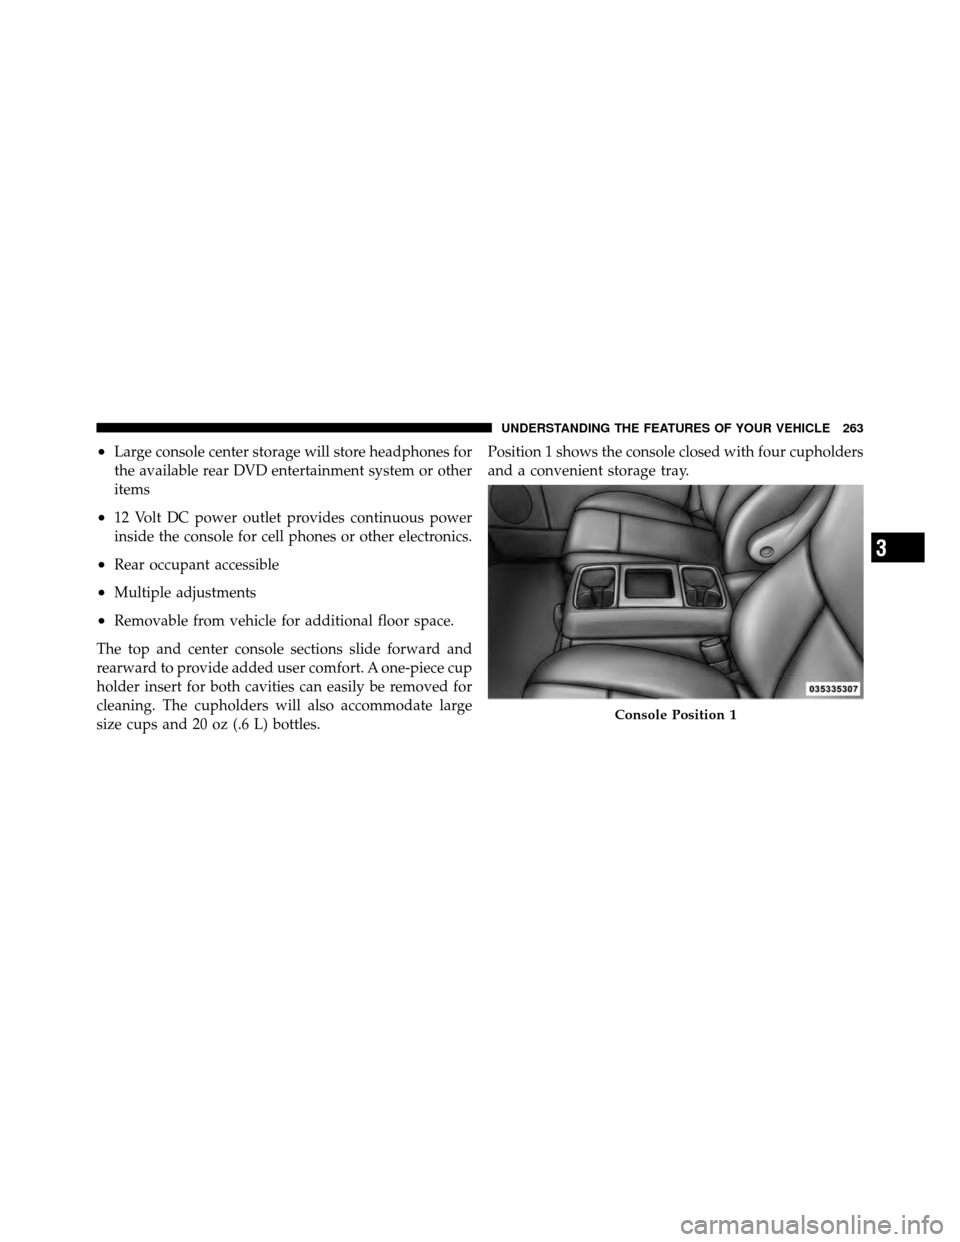 Ram Cargo Van 2012  Owners Manual •Large console center storage will store headphones for
the available rear DVD entertainment system or other
items
•12 Volt DC power outlet provides continuous power
inside the console for cell ph

################

Work item:
The exact lines from the one containing "the available rear" through the end of the listing above are the expected output; include nothing else.

Response to this exercise:
the available rear DVD entertainment system or other
items
•12 Volt DC power outlet provides continuous power
inside the console for cell ph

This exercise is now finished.